Typically, THG tomography can reveal the boundaries of adipocytes [Fig. 1(e), magenta]. Their morphologies and sizes were similar to those observed by DIC microscopy. At the periphery of adipocytes, displaced nuclei and cytoplasm have different refractive indices from lipid droplets, which resulted in bright THG contrast. When adipocytes were imaged at their top boundary, normal incidence gave rise to strong interfacial THG in round shapes [Fig. 1(e), left]. In the vicinity of large adipocytes, there were some granular objects (dimension <5 µm), which might be oil droplets secreted from adipocytes. We did not include them in the following analyses of adipocyte morphologies. On the other hand, SHG contrast can reveal the lining of connective collagens [Fig. 1(e), green], which reflects the integrity of biopsied tissues. Theoretically, the axial resolution (sectioning thickness) of THG at 1230 nm is well below 1 µm. Due to tissue aberration and scattering induced wavefront distortion, the axial resolution could be degraded to around 1 µm [24]. To avoid loss of information and to consider the resolution limits, we set axial distance intervals of 1 µm between sectioning images in THG tomography. The penetration depths of THG imaging on adipose tissues were typically more than 200 µm (Fig. 2 ), which is deep enough to include one to two layers of adipocytes, even for large adipocytes with dimensions of around 100-160 µm. Regarding the image quality, at the imaging depth of 200 µm, the membrane structures of adipocytes could still be seen clearly [Fig. 2(e)].

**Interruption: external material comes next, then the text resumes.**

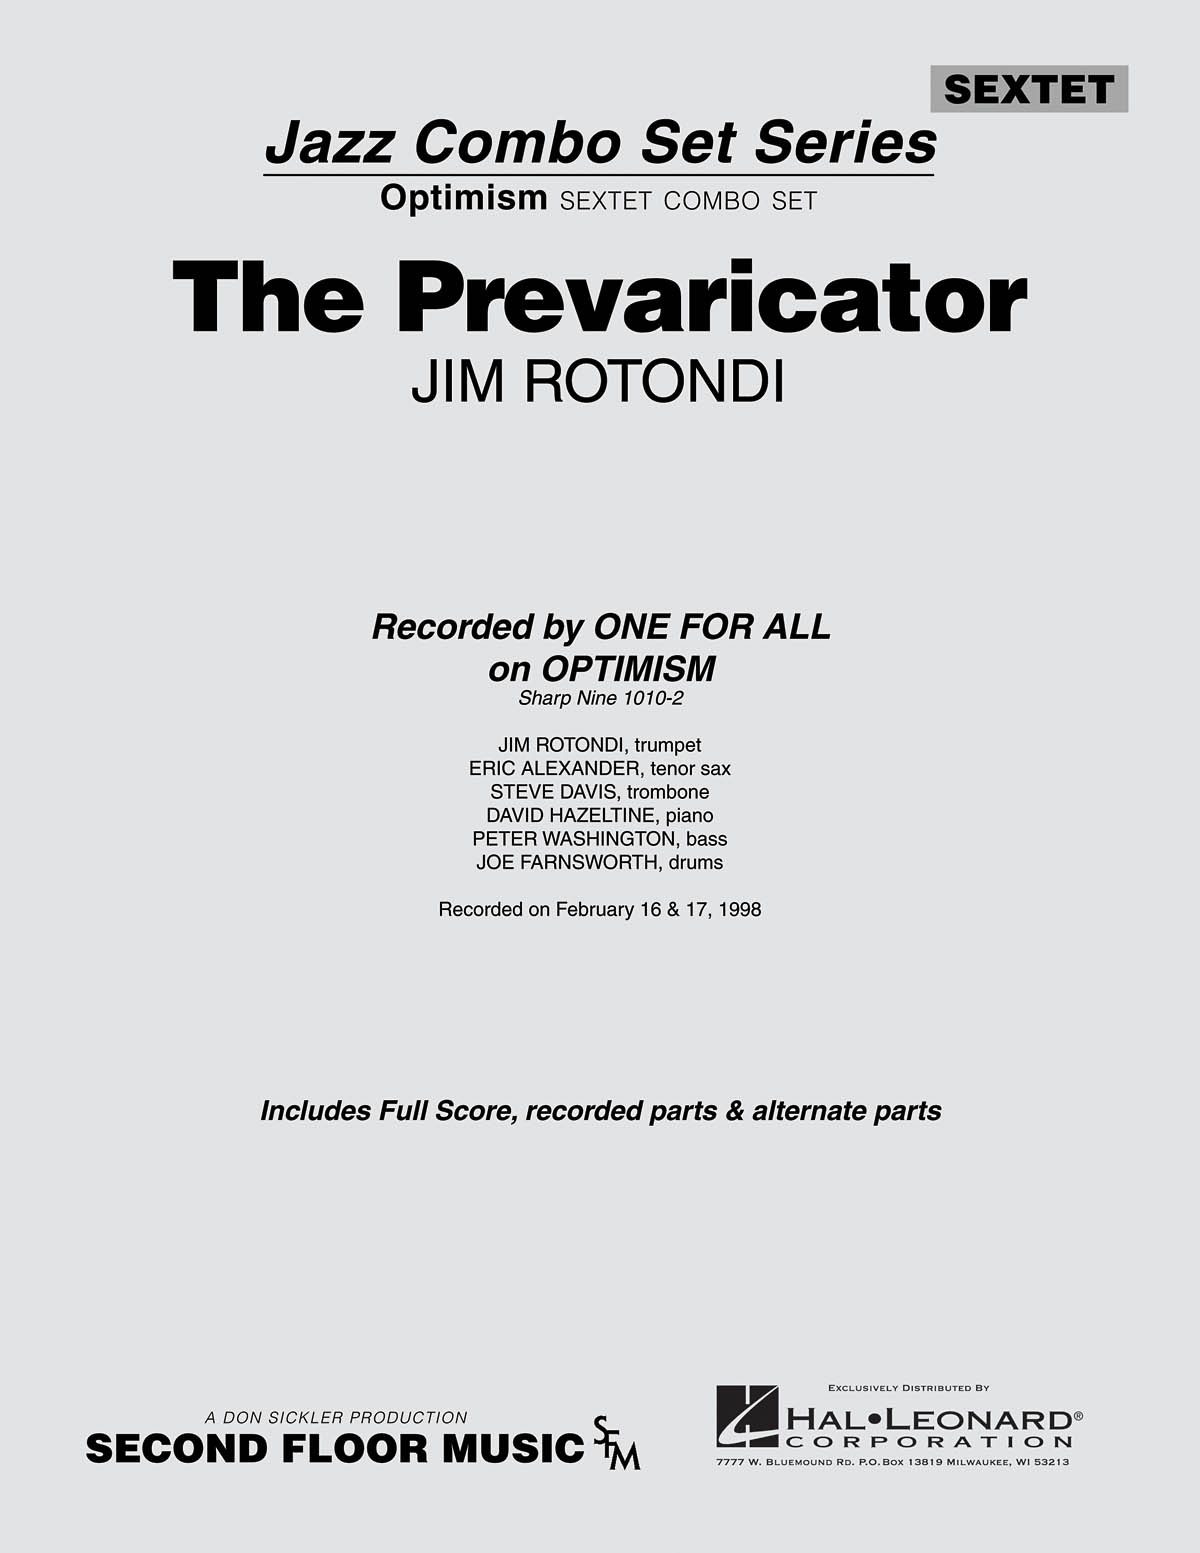 The Prevaricator

3.2. Morphology of adipocytes in patients with no cardiovascular risk factors and with CAD
Figure 3 shows typical THG sectioning images of adipocytes in epicardial adipose tissues obtained from patients with no cardiovascular risk factors [Fig. 3(a)] and with CAD [Fig. 3(b)]. In tissues of patients with no risk factors, adipocytes looked like well-packed bubbles and had relatively small size variation with dimensions around 70-90 µm. On the contrary, adipocytes in tissues from CAD patients had scattered size distribution [Fig. 3(b)]. Both large- (dimension >120 µm) and small-sized (dimension <40 µm) adipocytes could be seen in the tissues.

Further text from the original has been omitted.